In the film I watched last night with my family, Katniss and Peeta realize they have been part of an illusion created by those in power to maintain their power. Peeta asks Katniss, “Your favorite color is green. Is that real?”. She replies, "Yeah. That's real. Yours is orange. Not bright orange. Soft, like the sunset.". This is why I don’t like writing hypotheses. As I wake up from the system of science in which I was trained, in which hypotheses are essentialized, I am questioning everything. How much of what I have read is real? How much is what one can learn and publish in a system that funds few and rewards even fewer? How much of what is published is the story as Willow would tell it?

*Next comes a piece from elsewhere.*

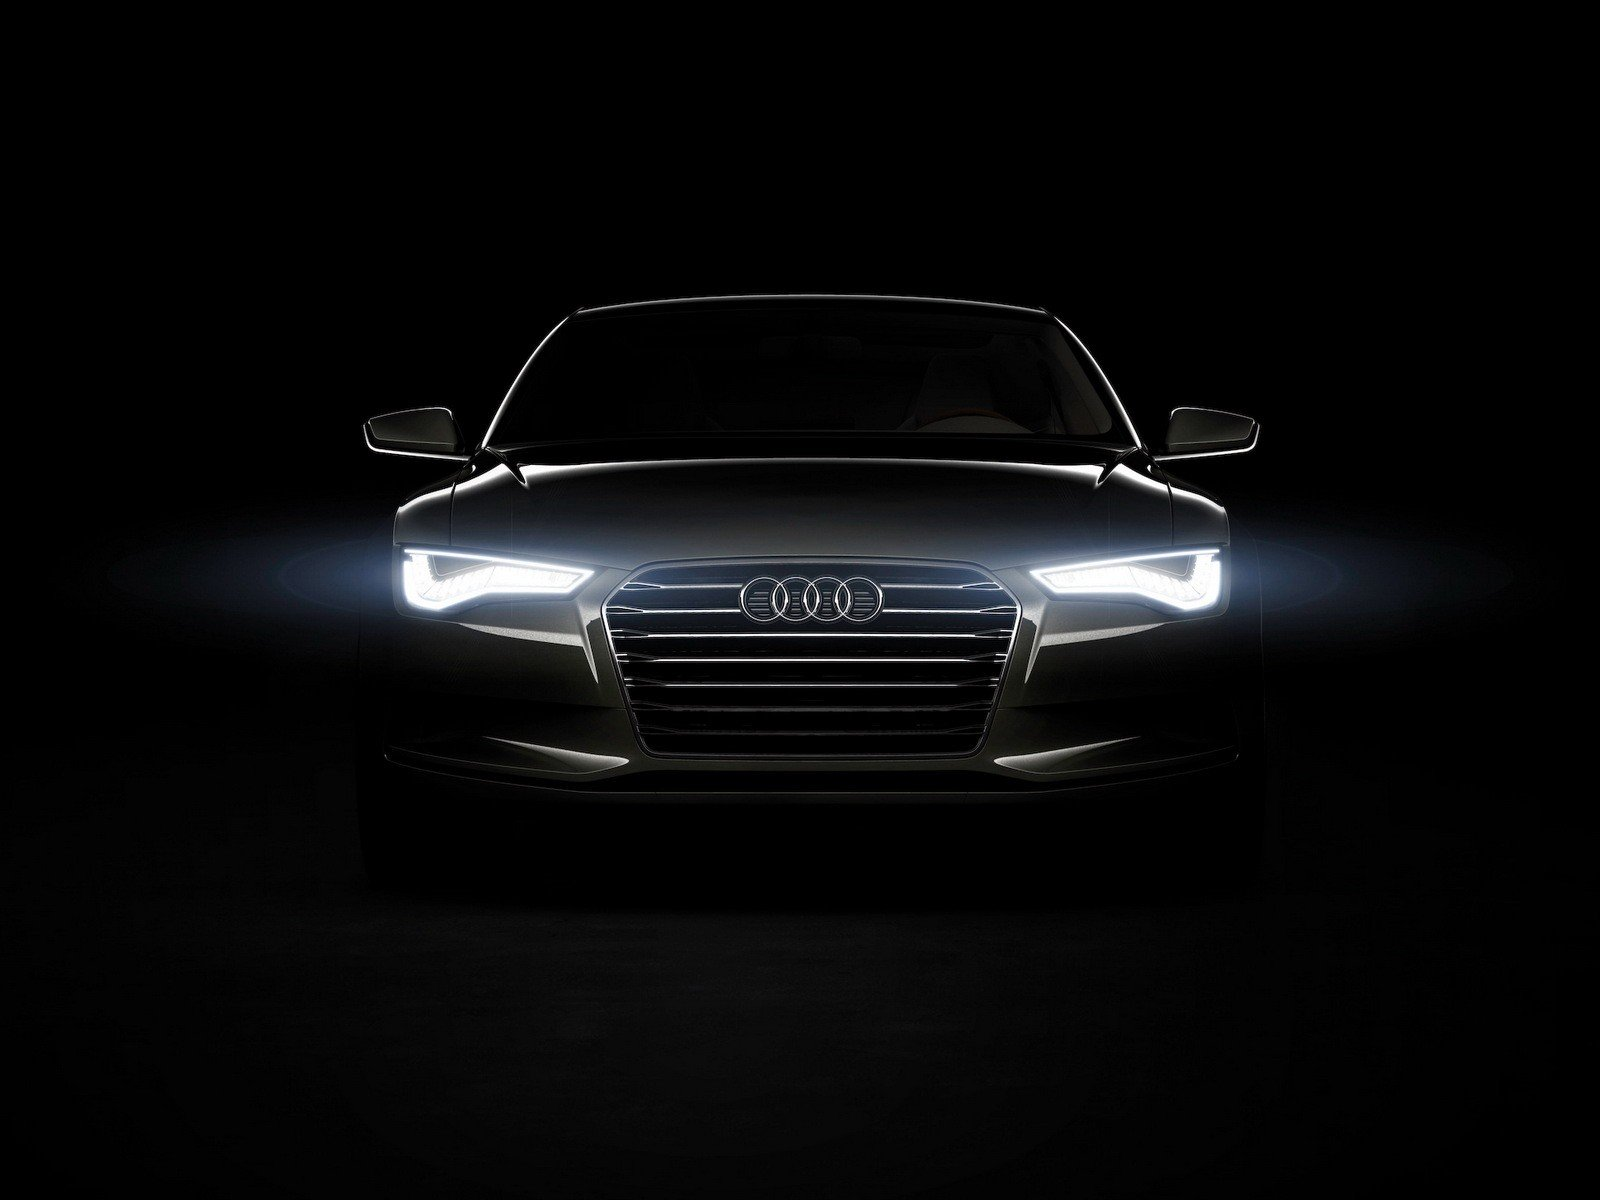 39+ Best Audi Wallpaper Hd PNG

When our hypotheses, our ideas about the planet or a species including our own, are informed by more than what we can see, our world may shift.
First in us. Then among us. When Willow said, “pay attention”, their guidance was to live into being here in the moment in relationship with them and the polar desert. To forget all that I thought I knew. What becomes possible when we forget? When we explore through trust, first in ourselves, that we can see what cannot be seen and hear what is never audible but is spoken to us by a planet who has stories to tell.
*note: I completed this essay for an assignment in theology school on mysticism as an example of how we can know through intuition and connection with the Earth.